Louisiana: Rally in solidarity with youth incarcerated at Bridge City Center
New Orleans, LA – On the afternoon of June 18, New Orleans for Community Oversight of the Police (NOCOP) and about 15 community members from Orleans and Jefferson Parish held a rally in solidarity with the youth imprisoned at Bridge City Center. For over an hour, the group held signs and banners and led chants in a loud show of support for the youth.
Cars passing by honked in support as cops and prison guards watched from the front door of the detention center. This action took place less than two days after the incarcerated youth staged an uprising and several successful escape attempts.
At 10 p.m. the night of Thursday, June 16, around 20 incarcerated youth exited their cells and managed to take over and hold parts of Bridge City Center for nearly three hours. The prison responded with state police, Jefferson Parish police, a SWAT team, and K-9 units. This rebellion happened only hours after five youth successfully escaped the facility and remained outside for hours.
Since then, parish and state politicians increased the number of police at Bridge City Center for Youth and called for the facility’s closing. Louisiana state officials are now developing plans to convert the defunct Jetson Center – closed due to horrible conditions – into a high-security prison for the youth.
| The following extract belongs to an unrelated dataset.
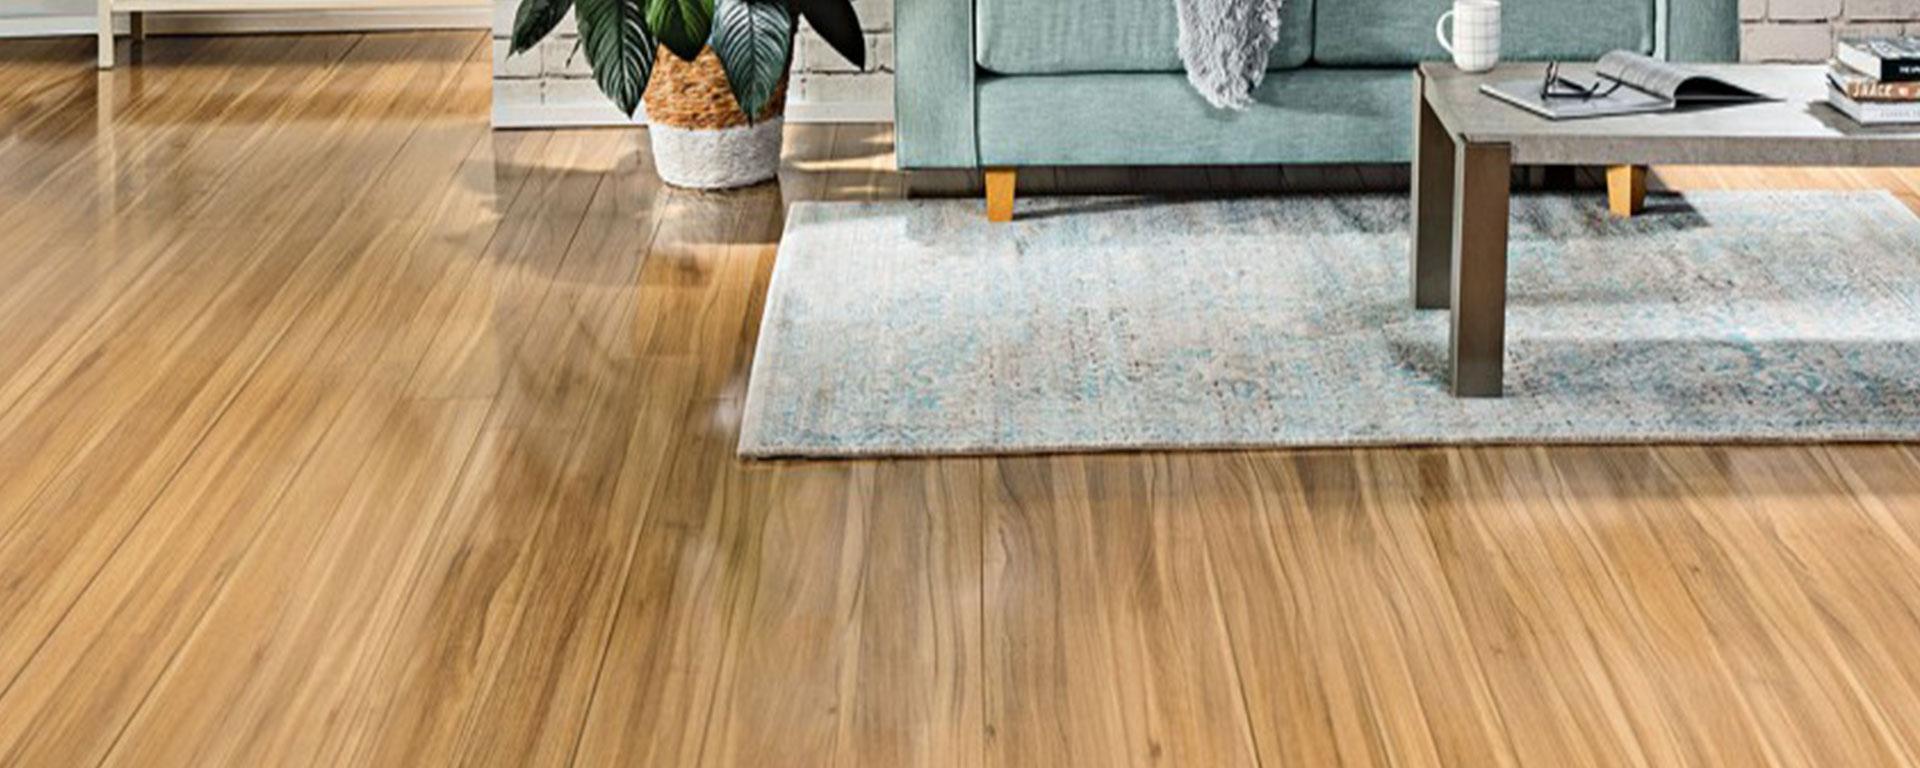 Timber flooring taren point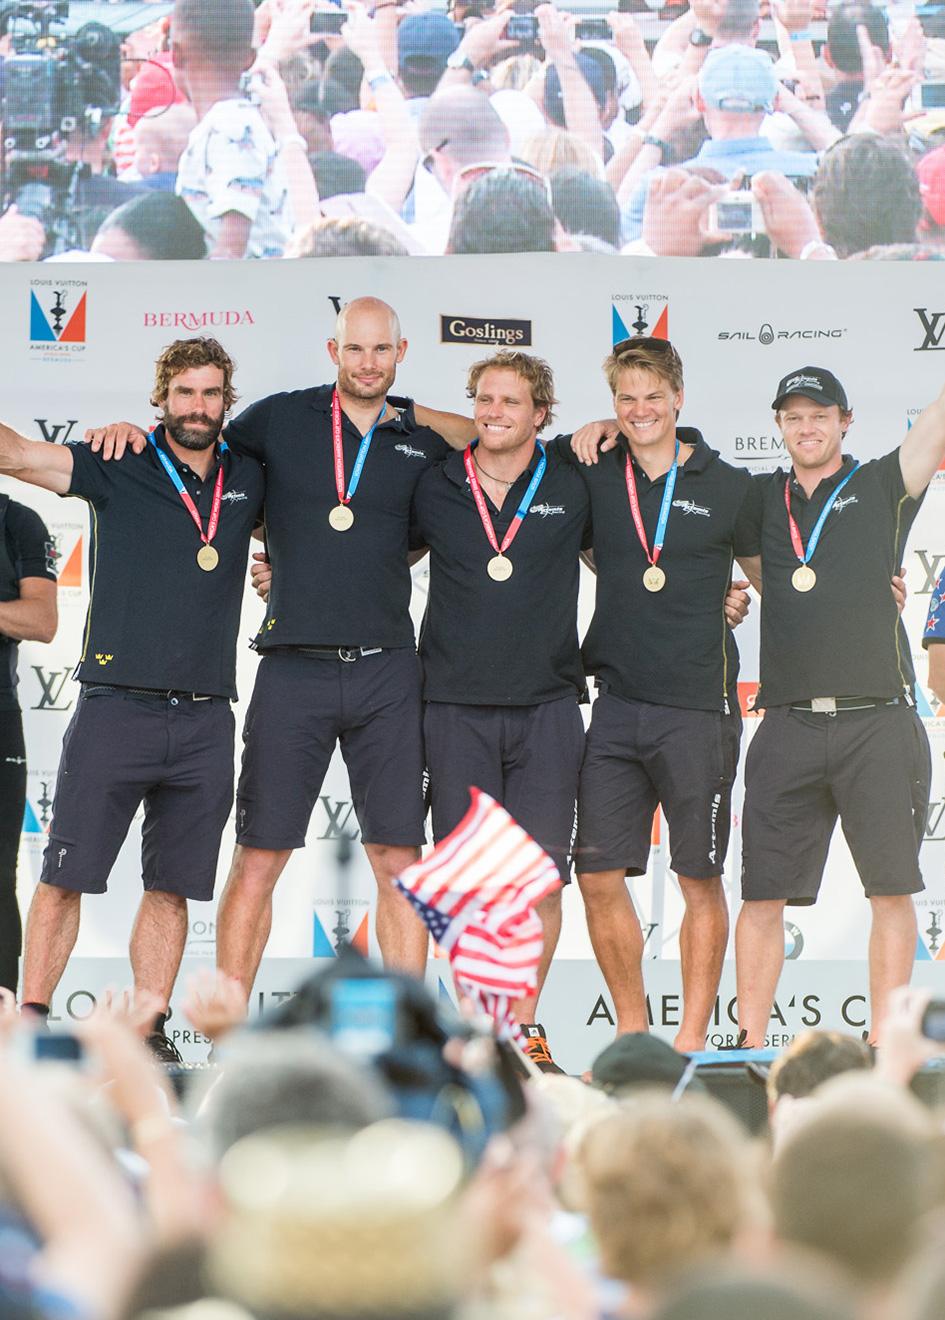 Portrait Americas Cup World Series Bermuda Portrait Artemis Racing Wins

The NOCOP members and supporters gathered on the levee of the Mississippi River across the street from the prison with the hope that the youth inside could see the show of support. Chants of “No more retaliation! End mass incarceration!” “What’s outrageous? Kids in cages!” and “Bridge City Youth is right to rebel! State troopers go to hell!” rang across the levee and surrounding neighborhoods.
“The Louisiana State Police are racist. They murder Black people without consequence and are accountable to no one,” Toni Duplechain-Jones, an organizer with NOCOP, said. “These goons are being sent to repress youth for rebelling against the abuse they experience inside of Bridge City jail.”
“Immigrants are also criminalized just as these youth are criminalized. They are right to resist. They are right to rebel. We are watching and we support you and we are here for you!” Mohamed Khan, an organizer with New Orleans Immigrants’ Rights Action (NOIRA) said.
Parents of the incarcerated youth have raised attention to the mistreatment and abuse at Bridge City Center for years. The facility has held the youth captive throughout the entirety of the COVID-19 pandemic, refusing to allow them to see or call family.
Bridge City Center for Youth has a track record of unaddressed abuse. Adult staff members are poorly trained; bring in contraband; and groom the youth, forming inappropriate relationships. The Center has refused to feed the youth imprisoned at the prison for days at a time.
Media outlets, which originally called the youth’s action for what it was – an uprising – have shifted their narrative and are now calling their resistance a “fight.” This narrative shift obscures the power of the youth’s decisive, political act of resistance.
In quick response to these forces, NOCOP staged this rally to demand that the prison staff not retaliate against the youth incarcerated at the facility and to show support for their struggle against their horrible conditions.